DATA:

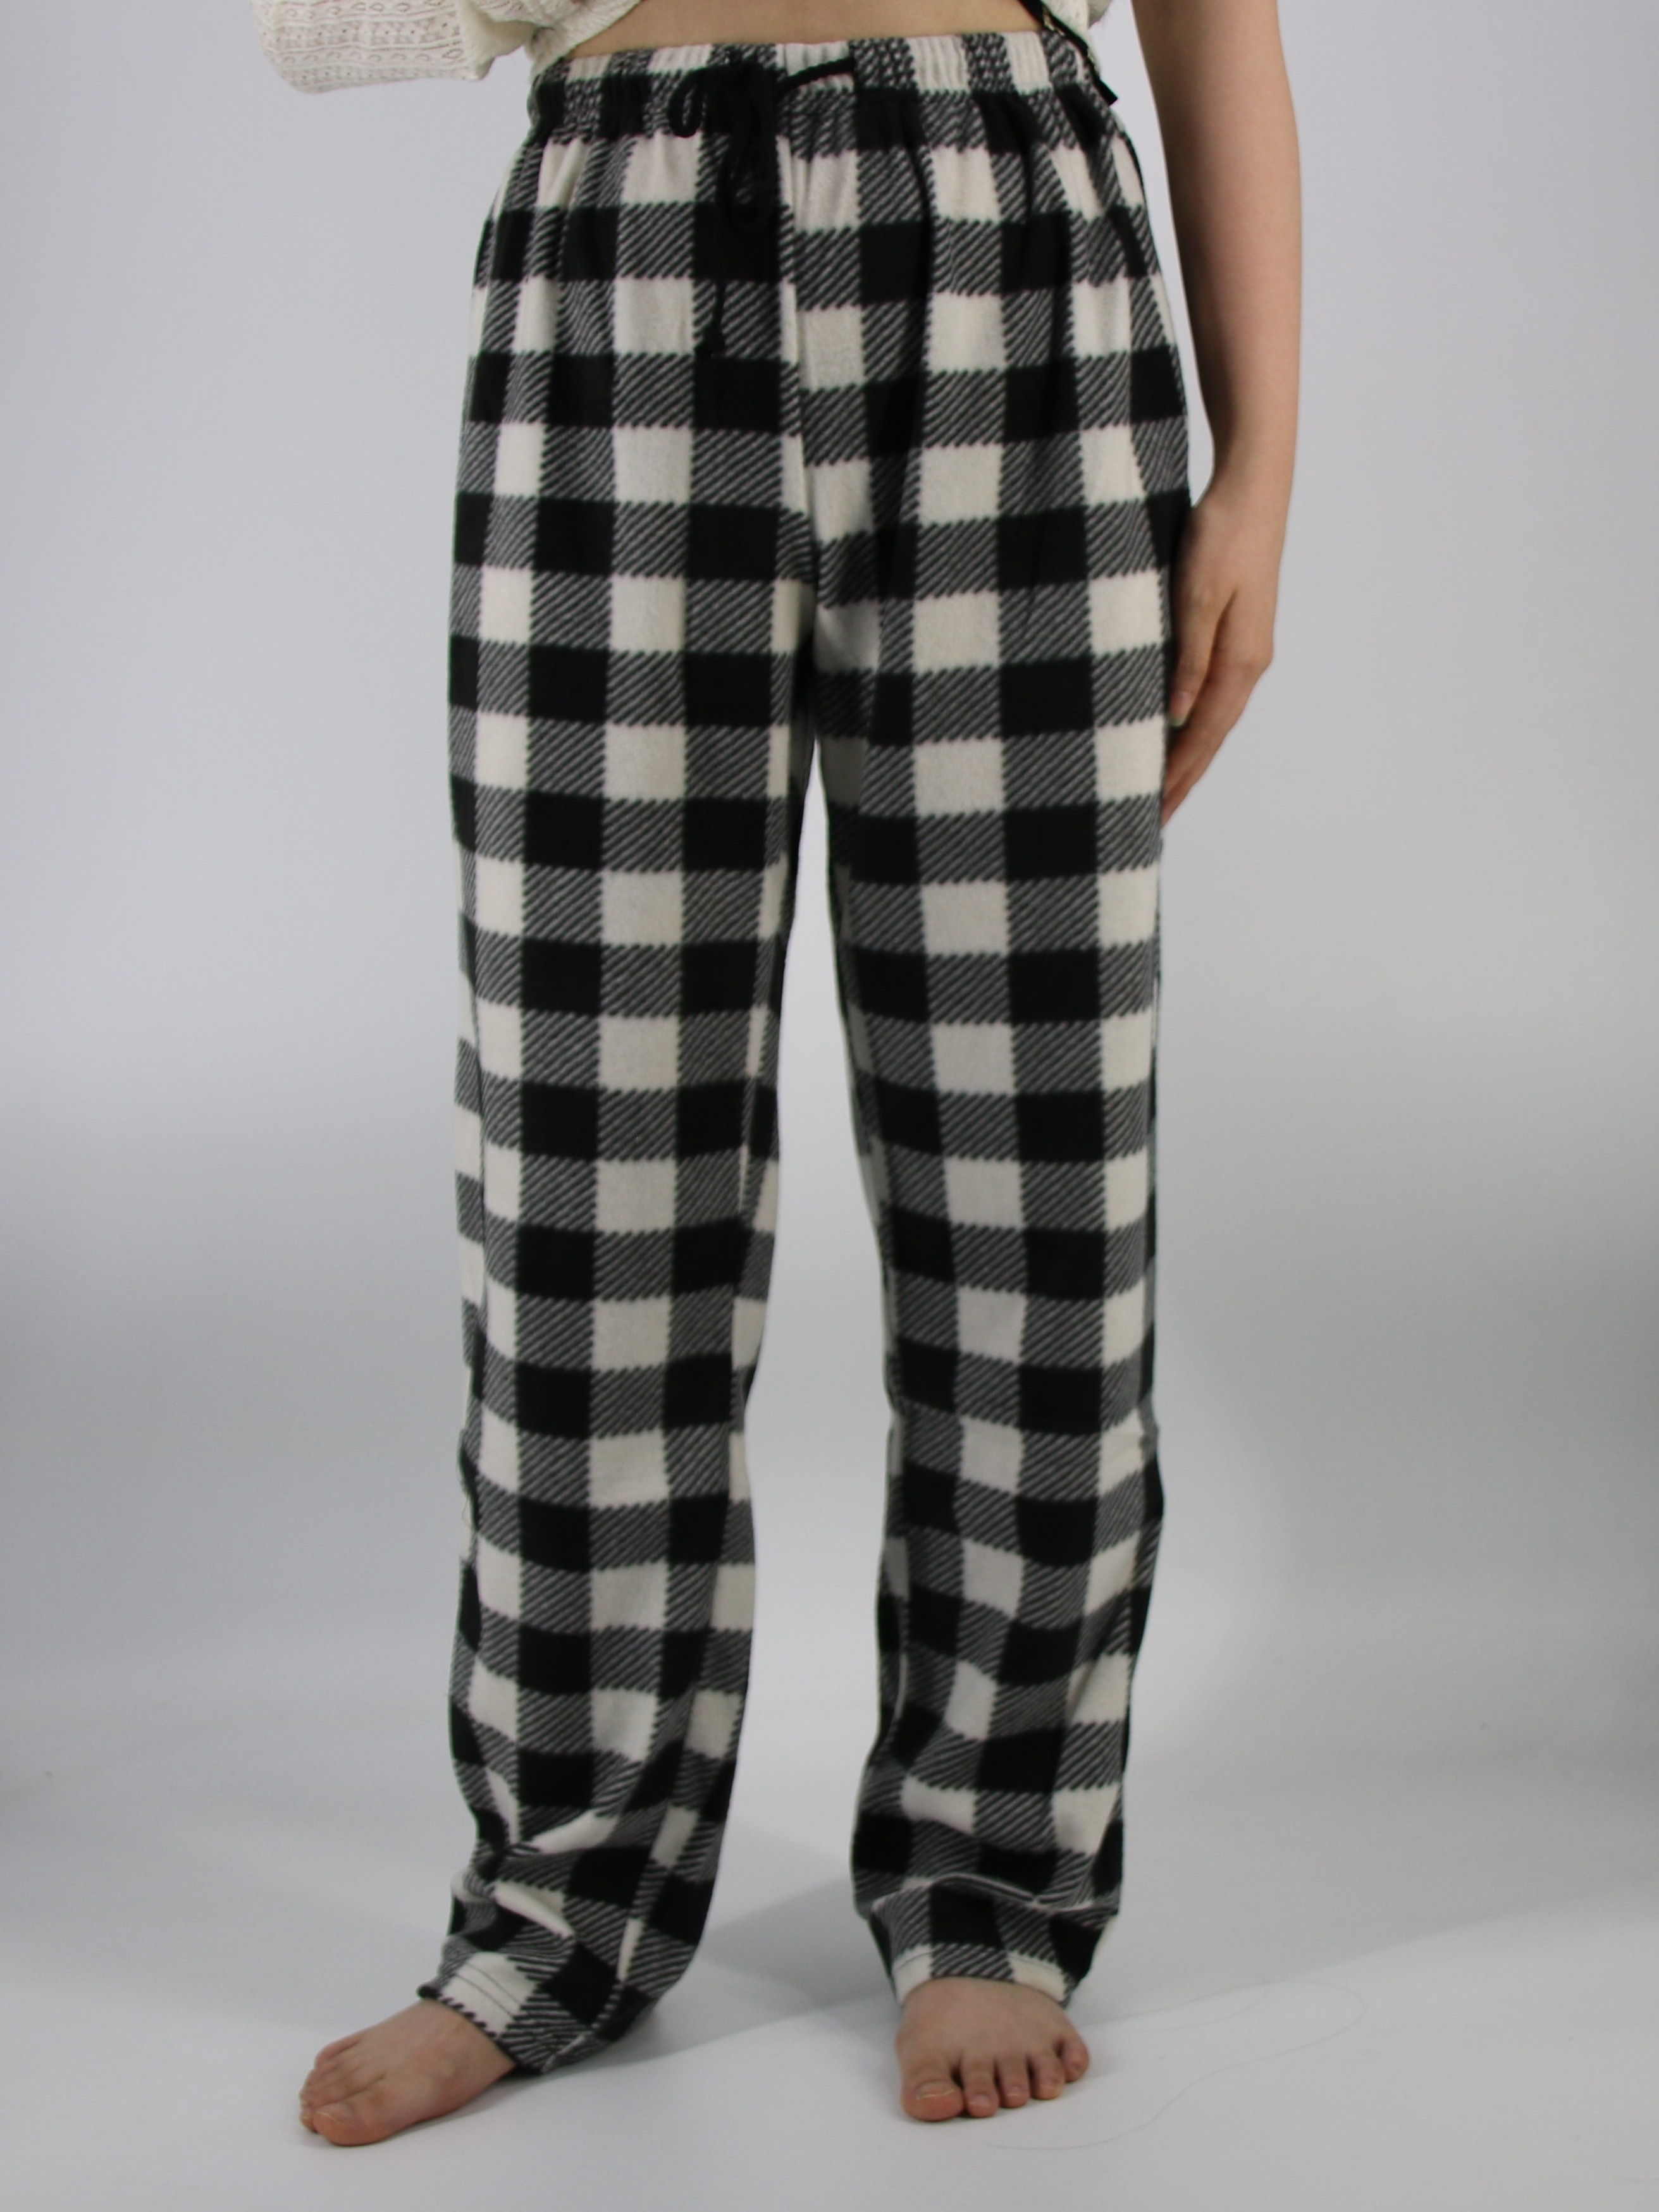 Women's 2-pack Lounge Pants Comfortable Pajama Pants Plaid Pajama Pants  With Pocket Drawstring Pajama Pants
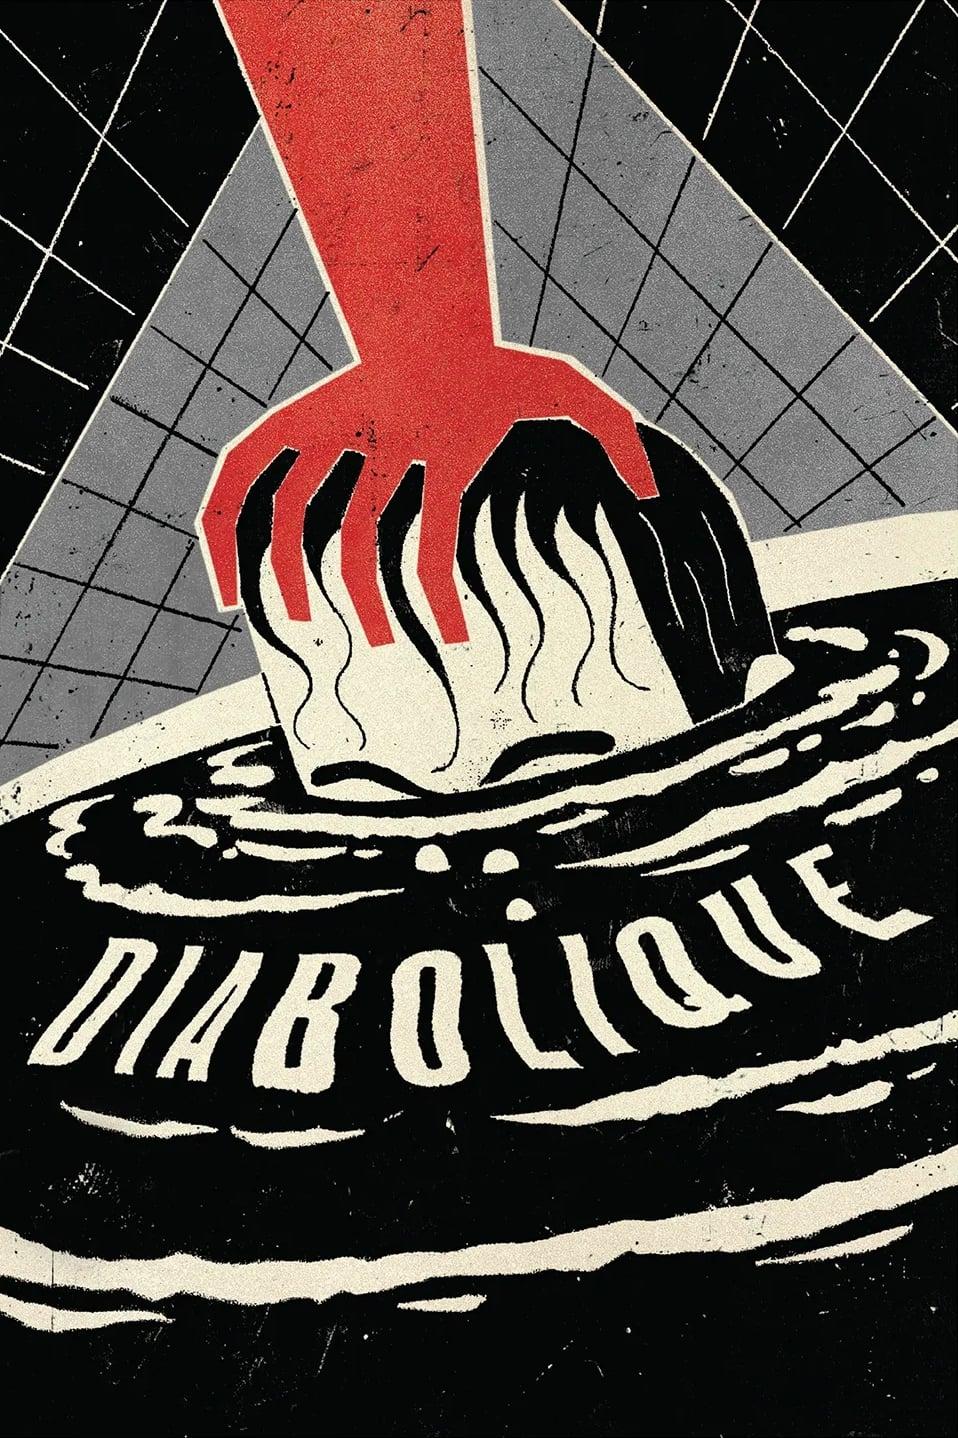 Diabolique poster
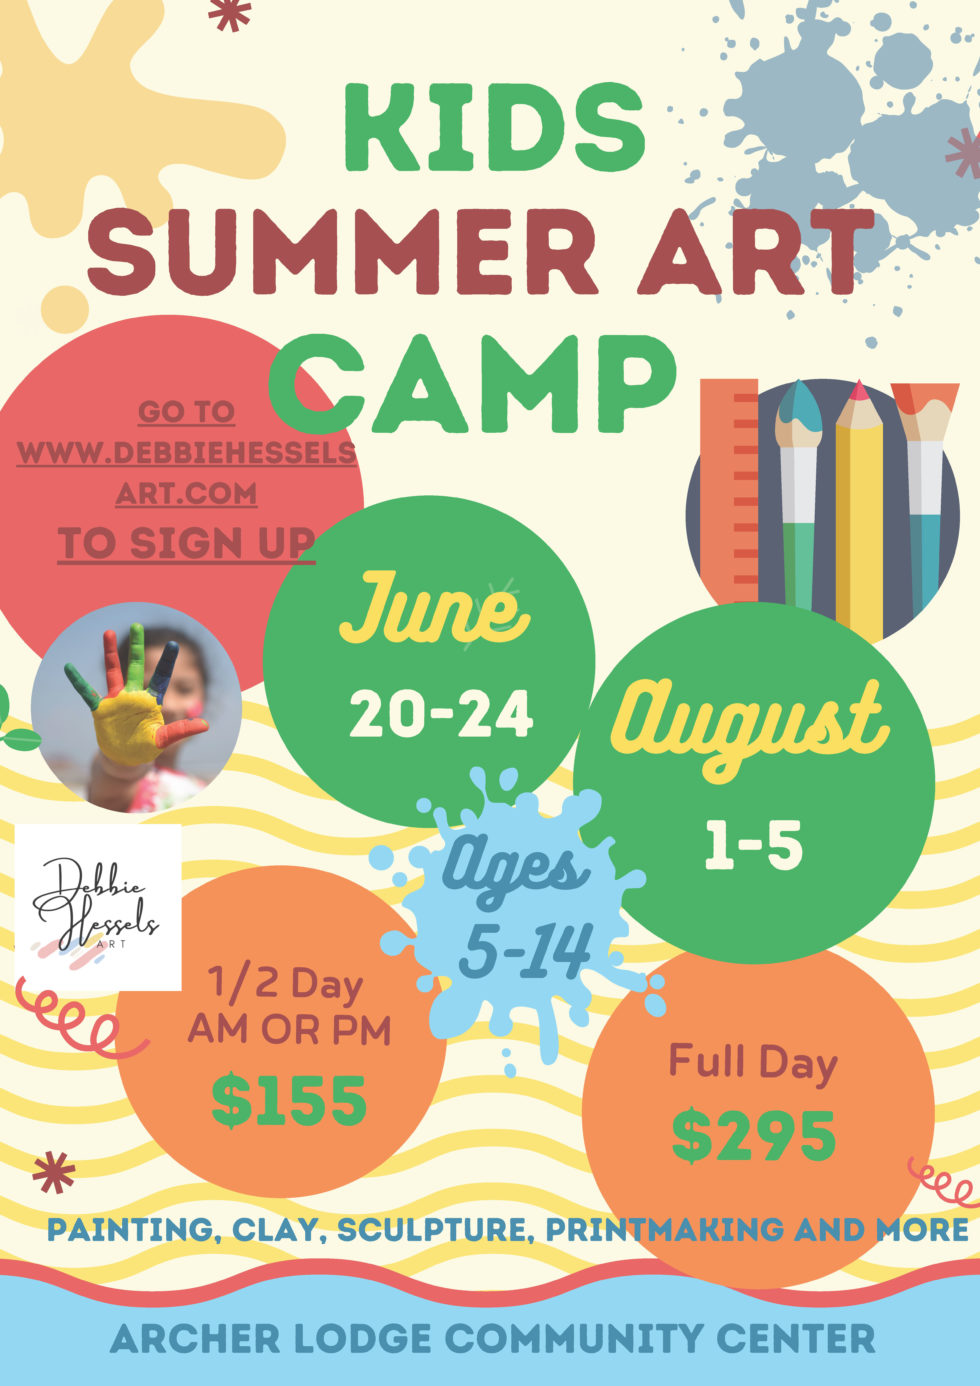 Kids Summer Art Camp Archer Lodge Community Center

WORK INSTRUCTION:
Begin at the line that contains "Diabolique poster" and transcribe exactly, and only, each line through the final line of the data above, both included; the pictures do not go in.

EXPECTED ANSWER:
 Diabolique poster
 Kids Summer Art Camp Archer Lodge Community Center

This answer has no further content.